The Beatles in Manchester

This posting is part of a series of articles about The Beatles’ appearances on British TV shows. Also in this series: “The Beatles on Ready Steady Go!“, “The Beatles on Top Of The Pops” and “The Beatles on Thank Your Lucky Stars“.

5 Responses

  1. Martin says:

    Great stuff, Roger. Been brought up with Granada (in Manchester) since I was a young boy. For the 'Music of Lennon & McCartney' when the Beatles played 'We Can Work It Out' John used the harmonium that was played by the legendary character, Ena Sharples in Coronation Street.

  2. James Percival says:

    I was born and brought up in Grandaland too and they do deserve a bit more credit, so well done for this article.

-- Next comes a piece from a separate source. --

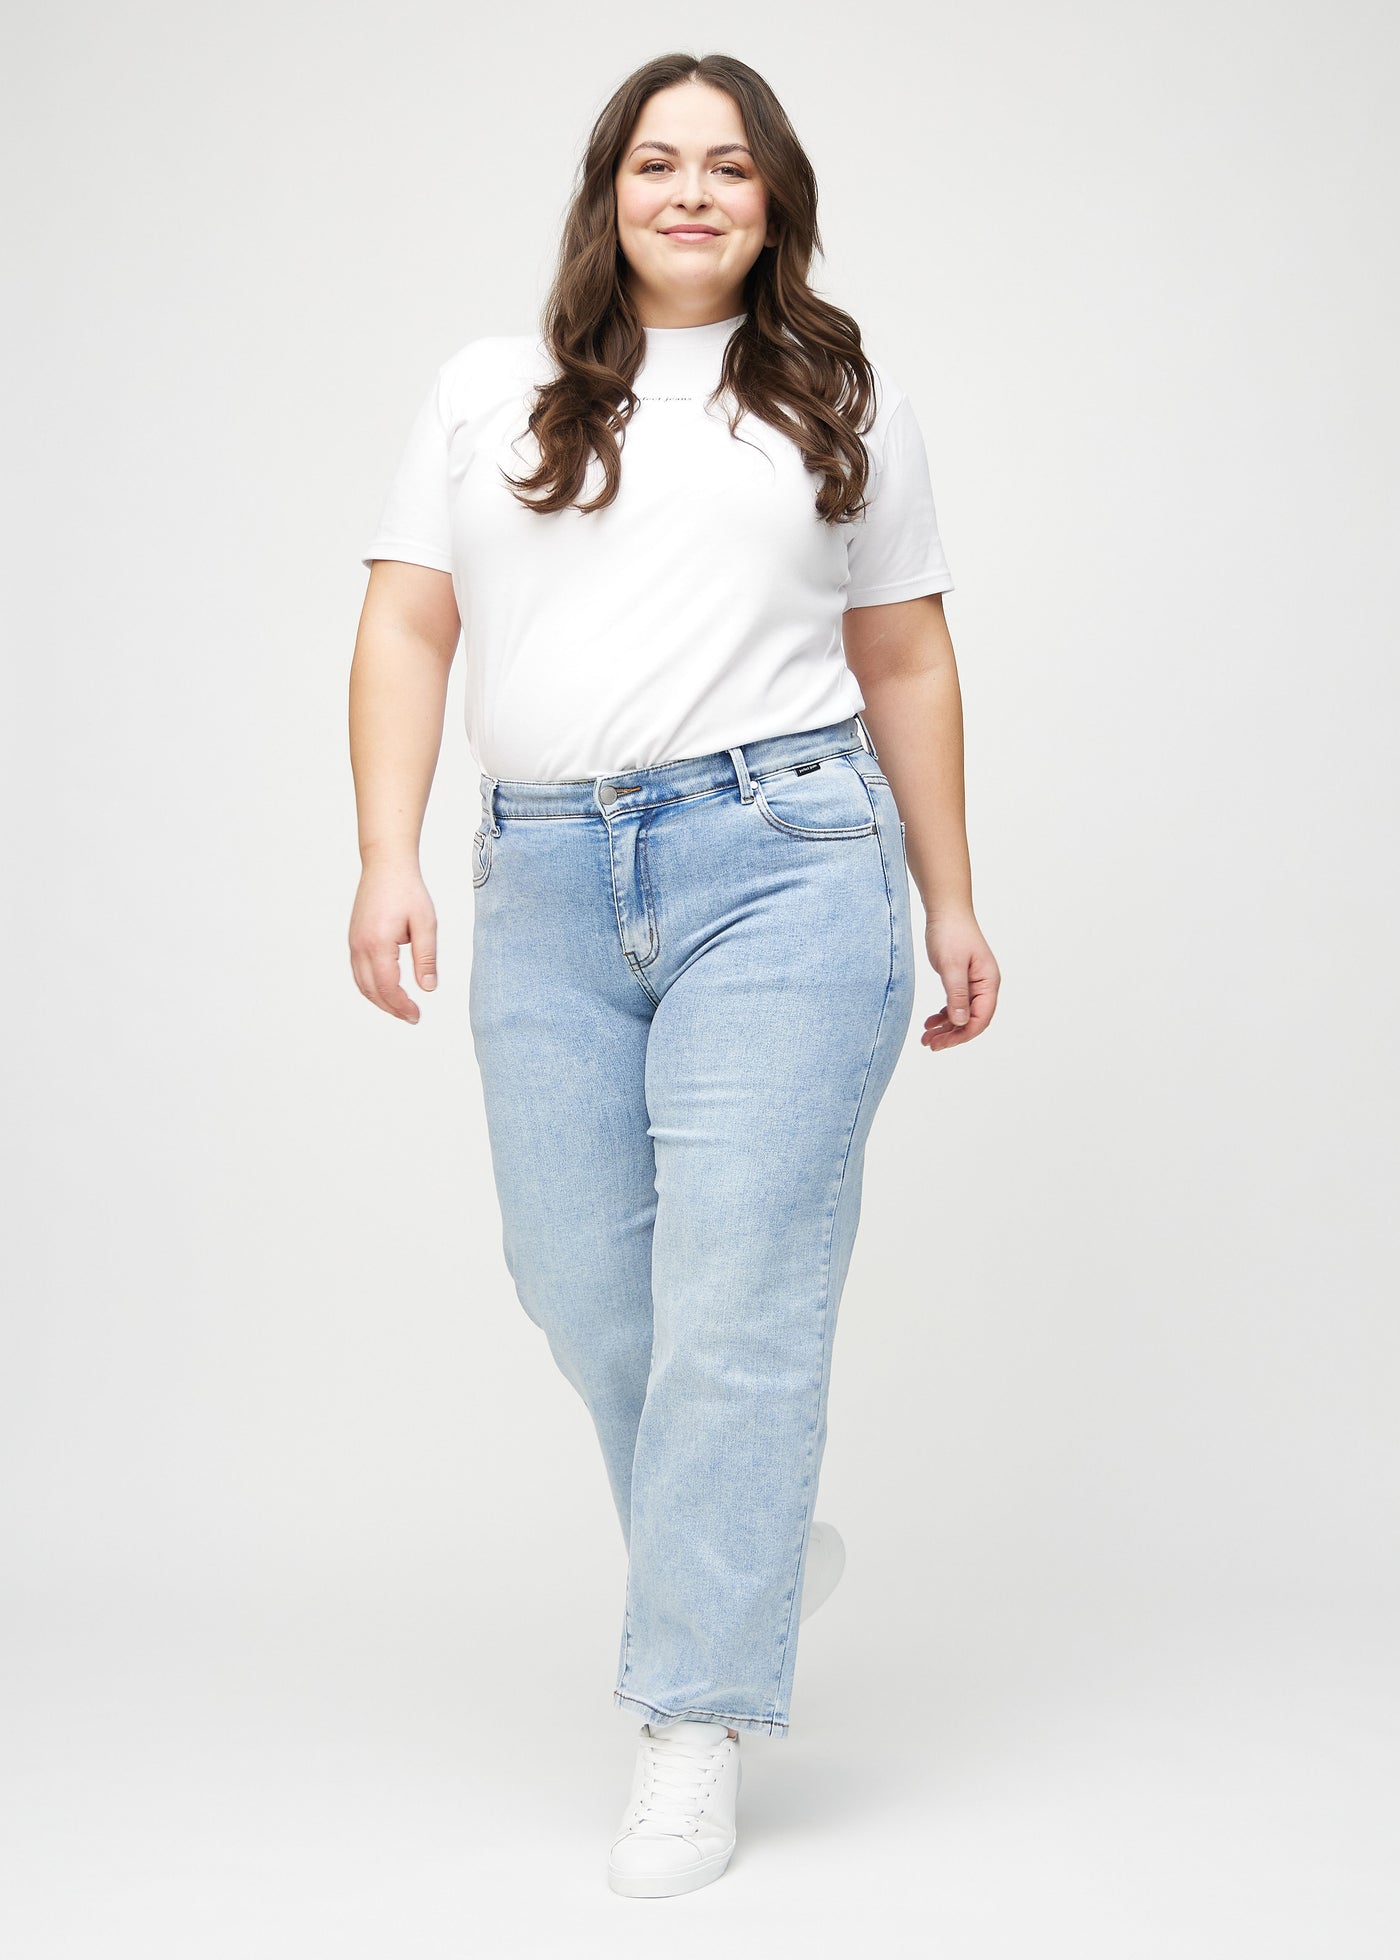 Fuldt billede af en plus-size model i lys denim loose jeans.

    Above all in the early 1980s they had one of the best TV drama teams in the world producing celebrated series such as Brideshead Revisited and Jewel in the Crown. Even their quizzes were brainy including The Krypton Factor and University Challenge.

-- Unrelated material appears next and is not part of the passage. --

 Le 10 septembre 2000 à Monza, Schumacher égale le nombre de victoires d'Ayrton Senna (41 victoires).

    Funnily enough my main memory of the Beatles on Granada was a slot in the late and lamented Tony Wilson's 'So it Goes' around 1977. They showed their celebrated clip of the Beatles performing in the Cavern and I still swear they played it to the Hamburg recording of 'Ain't She Sweet' rather than the real recording of 'Some Other Guy'. In any case that was the first time I heard the Beatles version of Ain't She Sweet. It would be great if someone else can recall this. It's worth pointing out that the Beatles' stock was probably never as low as it was in the mid to late 70s, and TV clips were relatively rare which is why it made such an impact on me.

  3. Martin says:

    Granada was also at the forefront of current affairs and politics with World In Action and What The Papers Say. One of my favourite Granada shows was The Dustbinmen: a comedy about four Manchester refuse collectors. Many Coronation Street stars started in that show… Granada also did the (still) definitive Sherlock Holmes stories for television. That modern BBC version doesn't come near it…

    Tony Wilson did a great interview with George Harrison in 1976. Parts of it can be seen in the Living In The Material World film.

    I do remember Cavern footage with 'Ain't She Sweet'. I saw it on the news in 1980 when the BBC reported John's murder. Although it may have been an audio recording put over Cavern film…

  4. James Percival says:

    Thanks, Martin. I generally trust my memory but we all misremember to greater or lesser degrees. As I wrote above, the clip was the first time I'd heard the Beatles version of Ain't she Sweet and because I thought the Beatles wrote ALL their songs I assumed this was L&M too. Later, with a fellow Beatles nut I mentioned the clip of Ain't She Sweet and he corrected me. The only way I can reconcile the two is that in the 70s Granada thought the soundtrack was too weak so they dubbed the film with the Hamburg recording. This was definitely before John's murder and I would say 78 at the latest; possibly they resurrected as part of their tribute to John.

    How did I forget Sherlock? The definitive version for me. They filmed quite a lot of it near my home in north Cheshire including Dunham Park. Yes, a jewel in the crown of British broadcasting until all the corporate mergers in the early 90s. I hardly ever watch ITV now.

  5. Martin says:

    Apparently the BBC's Sherlock is going to be a 'tribute' to the Granada version this Christmas… Nice to see them acknowledge it, but it'll probably be a cock-up…

    I hardly watch ITV either, James. It's all reality TV and celebrity crap.
    ITV isn't what it used to be. I used to love Blakey off On The Buses ('Urrrgh! I 'ate you, Butler!).